The concept of having an information 4 that is indirectly indicative of the bandwidth, or indirectly indicative of a bandwidth change, can especially be applied in the context of a cellular communication system, in which cells are provided that may operate in accordance with different telecommunication standards. More specifically it is possible to have a first telecommunication standard that is offered only in certain cells or areas, where mobile stations are capable of identifying such cells, and where communication coverage outside of these selected areas is provided by a different telecommunication standard, and the mobile stations capable of operating in accordance with the first telecommunication standard are also able to operate in accordance with the second telecommunication standard. An example of this is the providing of specific areas, in which UMTS service is provided, whereas outside of these designated areas, service is provided by a GSM network. In mobile stations that are able to operate in accordance with UMTS and GSM, the handover from an UMTS cell to a non-UMTS-cell can be seen as an indication of a bandwidth change, even if the message informing of the handover does not contain any explicit bandwidth information. Therefore, in accordance with an embodiment of the invention, the control procedure 10 at the application layer is arranged such that the receipt of a message indicating a handover from a cell of a first telecommunication standard (e.g. UMTS) to the cell of a second telecommunication standard (e.g. GSM) leads to an appropriate adjustment operation of the streams being fed into the connection, e.g. to a dropping of all video streams. This operation can also be conducted in the inverse direction, e.g. when receiving an indication of a handover from a cell of one telecommunication standard (e.g. GSM) to a cell of another telecommunication standard (e.g. UMTS), then the control procedure can be operated to start sending streams of a specific type of media, e.g. video streams. Naturally, GSM and UMTS are only examples of telecommunication standards, and the above mentioned concept can be applied to the switching over between any two different telecommunication standards.

Although it is possible, that the connection state change information only contains an indirect indication of the bandwidth, as explained in the previous examples, it is preferable that an information is used that explicitly provides bandwidth change information. In other words, it is preferable that a message indicating a handover also indicates the accompanying change in bandwidths, if such a change in bandwidth occurs. Then the control procedure 10 can be arranged to perform a comparison of the new bandwidth (i.e. the bandwidth provided by the connection 6 after the change of connection state) with one or more predetermined thresholds, in order to then appropriately adjust the number of media streams in accordance with the new bandwidth. As an example, if the sum of the media streams being fed into the connection 6, exceeds a new, lower bandwidth available after handover, then the control procedure 10 can determine which and how many of the streams are to be taken down, in order to obtain a condition according of which the sum of the remaining streams is smaller or equal to the new bandwidth Such an explicit change of bandwidth can e.g. be communicated in association with a handover procedure from a first cell of a cellular communication system to a second cell, where the traffic conditions in the second cell only allow a lower bandwidth for connection 6 than the first cell. The second cell may operate in accordance with the same telecommunication standard as the first cell, or in accordance with a different standard, as in the examples above.
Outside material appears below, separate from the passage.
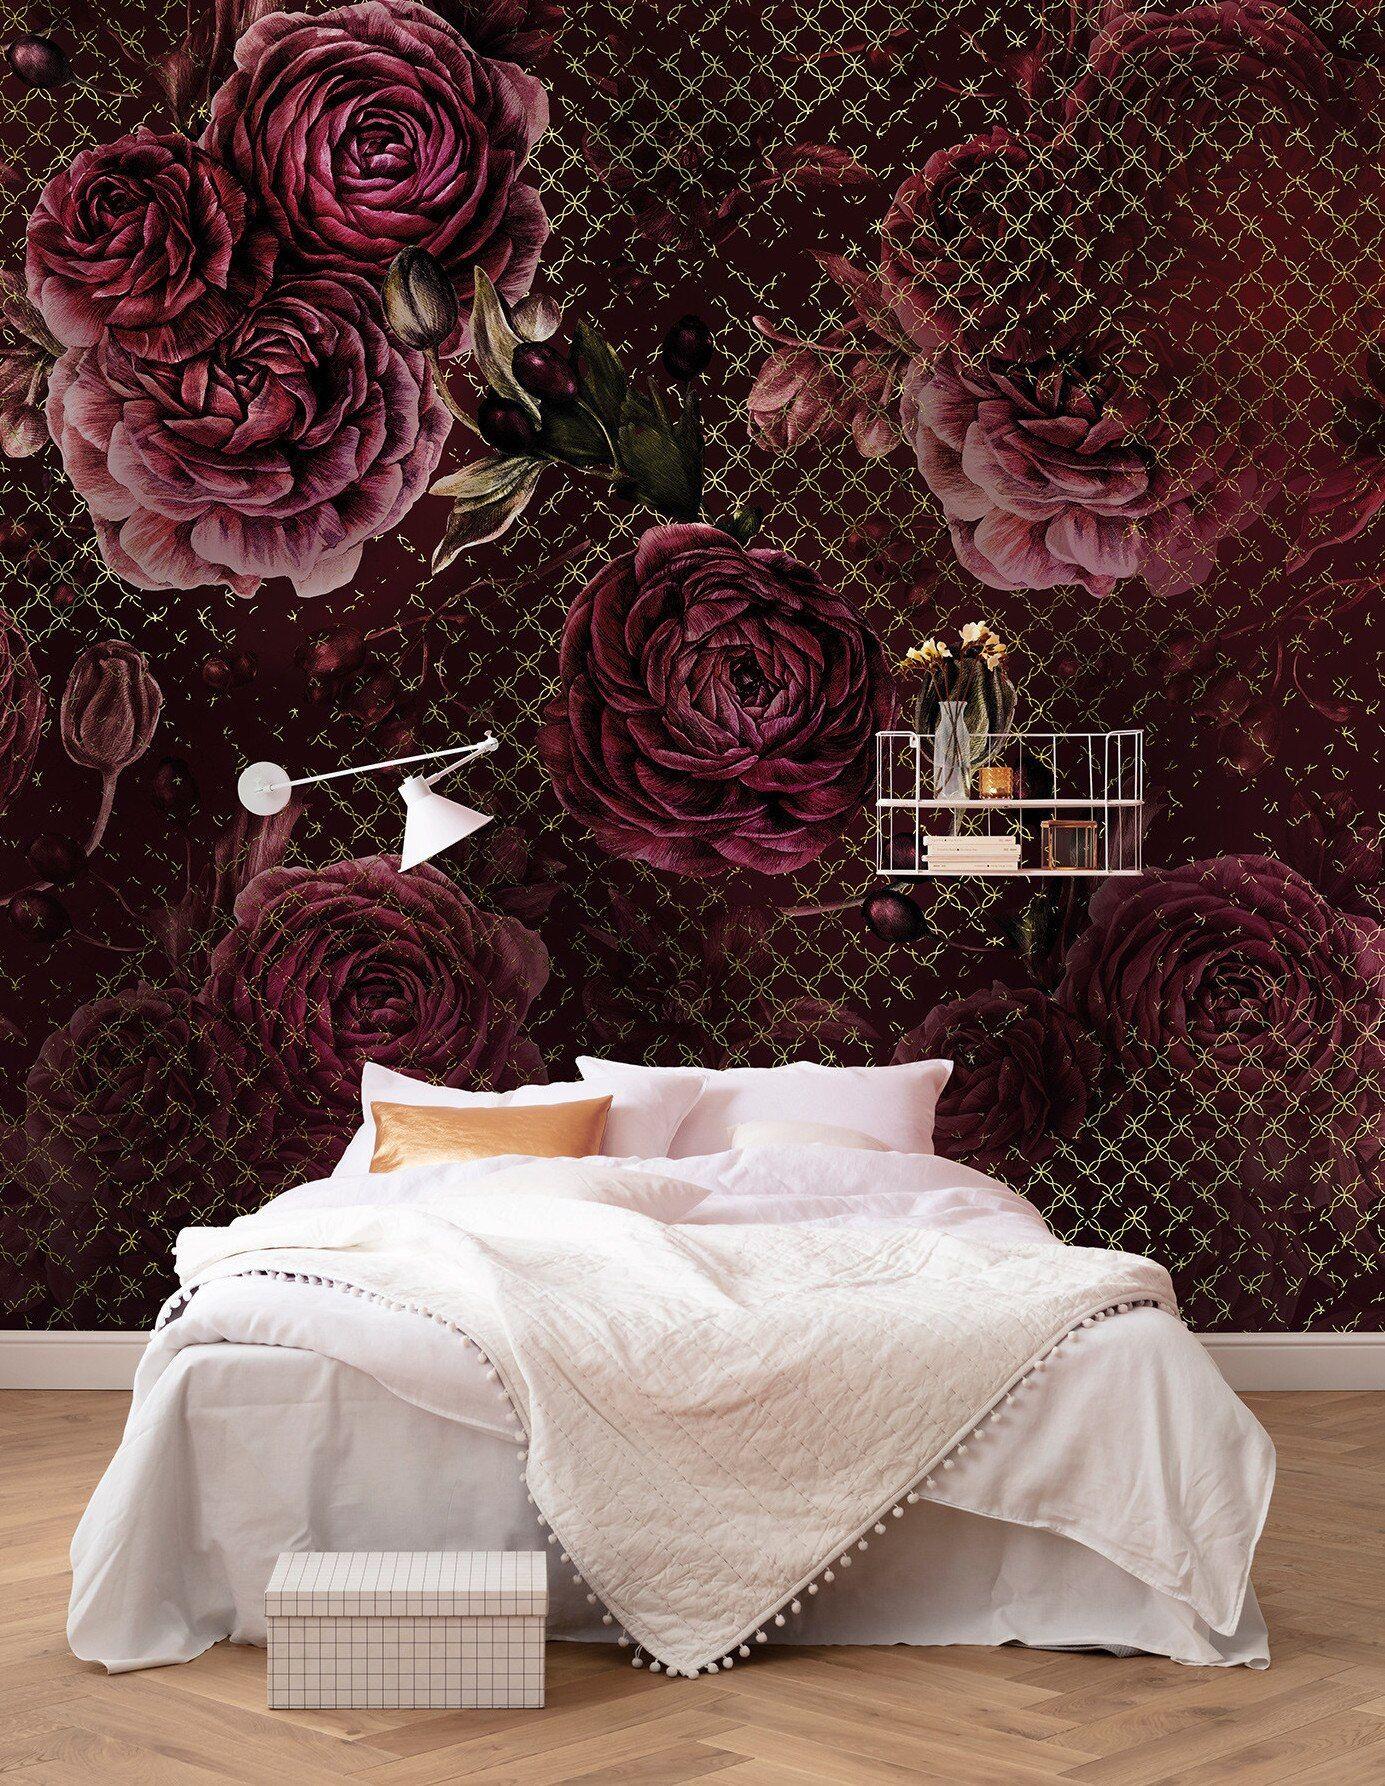 Mural Rouge Intense 3 5m X 2 8m Bedroom Wallpaper Accent Wall Wall Wallpaper Wallpaper Accent Wall

Another example of information indicative of the bandwidth of the connection 6 is a direct bandwidth change information, e.g. issued by the network to the terminals of a specific connection, when the network intends to reduce the bandwidth of the connection associated with said terminals, for example because the network requires more bandwidth for connections having a higher priority, such that the bandwidth of lower priority connections is reduced. Then, as already explained above in connection with the other embodiments, the control procedure 10 in the application layer can adjust the number of streams being fed into connection 6 in accordance with the new value of the bandwidth. Also, at a later point in time it is possible that the network will again increase the bandwidth assigned to the connection, e.g. because the handling of priority connections no longer requires additional bandwidth, and in response to a corresponding message from the network the control procedure 10 can again feed media streams into the connection 6 that were previously dropped.

Additionally, in all of the above described embodiments, the control procedure 10 can also change the data rate of one or more of the adjusted number of media streams, in order to better accommodate the adjusted number of streams in the new bandwidth.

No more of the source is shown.